To ascertain the current practice for assessment of CAI in thalassemia, the Coordinator (VDS) of ICET-A sent by email two questionnaires: i) “to evaluate the current interpretation of basal serum cortisol level” to 19 thalassemologists/ endocrinologists members of ICET-A (first step) and ii) a copy of modified questionnaire survey used by Elder et al[7] ”to evaluate the current usage of ACTH test and the variability in practice” among other 20 additional specialists taking care of TM patients (second step). A total of 35 specialists participated in the second step questionnaire.
Based on the surveys the core ICET-A group prepared the recommendations for the assessment of suspected CAI (third step). The recommendations were based on published, peer- reviewed scientific evidence, expert opinion, and accumulated professional knowledge and experience. Recommendations from published guidelines were used when available and appropriate. The ICET-A Network also issued expert consensus opinions on topics for which limited or low level evidence is available in the literature. Since not all published references were based on randomised controlled trials, the recommendations have been scored according to the following criteria:
A.    High confidence indicates that further research is unlikely to change the confidence in the estimate of effect (●●●)
B.    Moderate confidence indicates that further research may change the confidence in the estimate of effect (●●○)
C.    Low confidence indicates that further research would likely have a significant impact on the confidence in the estimate of effect (●○○)
D.    Insufficient indicates that the evidence is unavailable or does not permit a conclusion (○○○)

Statistical Analysis

Results

First step: Answered questionnaire was received from 15 out of 19 ICET-A members (78.9% response rate). Responders, who are collectively following 1895 TM patients, were asked to report their position on the lowest basal cortisol threshold used to diagnose CAI and the highest basal threshold excluding CAI. The results are summarized in table 1.

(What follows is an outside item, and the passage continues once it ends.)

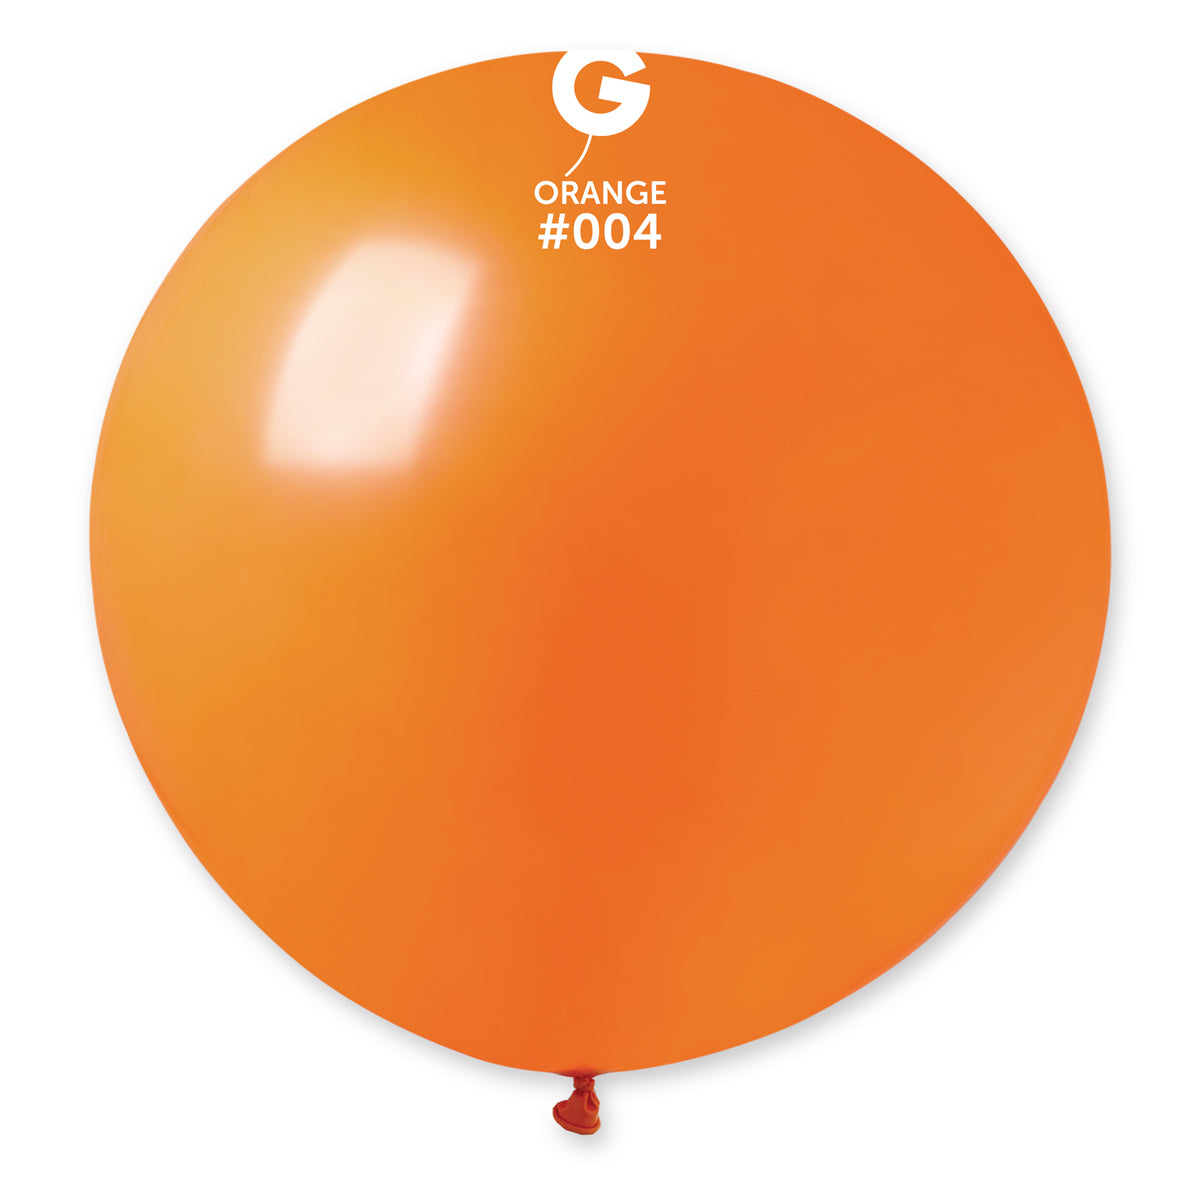 1 Count Orange Latex Balloon 31"

Table 1. Criteria used for the interpretation of basal cortisol levels (expressed in μg/dl) in 15 Centres taking care of 1895 thalassemia major patients.

In the survey, the lowest basal cortisol threshold reported was ≤3 μg/dl (88 nmol/l) to exclude CAI and the highest threshold was ≤7 μg/dl (<190 nmol/l) to diagnose CAI. Values greater than 20 μg/dl (550 nmol/l) were reported to predict best normal HPA axis.
The results of the ROC analysis are shown in table 2 and figure 1. Using the Youden index, the optimal threshold that maximizes sensitivity plus specificity for morning basal cortisol against peak post-ACTH value >20 μg/dl (>550nmol/L) was 10 μg/dl (275 nmol/L). Three chemilumininescent assays (one Beckman Coulter and two Immulite 1000 kits) and one competitive enzyme-linked immunoassay were used for cortisol measurements (AccuBind kit). Furthermore, the values associated with the highest negative predictive value (NPV) and highest positive predictive value (PPV) were 4.20 (115 nmol/L) and 18.45 μg/dl (510 nmol/L), respectively.

Table 2. ROC analysis ruling out CAI showing sensitivity, specificity, positive predictive value (PPV) and negative predictive value (NPV) for different basal serum cortisol levels.

Figure 1. ROC curve using peak post-ACTH values of > 20 µg/dl ( >550 nmol/L) as outcome

Second step: Thirty five centres following a total of 3433 TM patients shared the second questionnaire. Taking into consideration that several protocols have been used to assess the response to ACTH test, the aim of the survey was to collect 5 pieces of information regarding: a) How many patients are you regularly following in your hospital? b) Does your centre carry out? Synacthen testing? Are you familiar with the indication and interpretation of Synacthen test, c) What dose of Synacthen does your Unit use? d) At what age you screen your patients by measuring serum cortisol? e) What cut off point you accept for diagnosing normal and abnormal adrenal function? f) For a normal result what do you require? (Table 3).

Table 3. Results of Synacthen test questionnaire completed by 15 Centres.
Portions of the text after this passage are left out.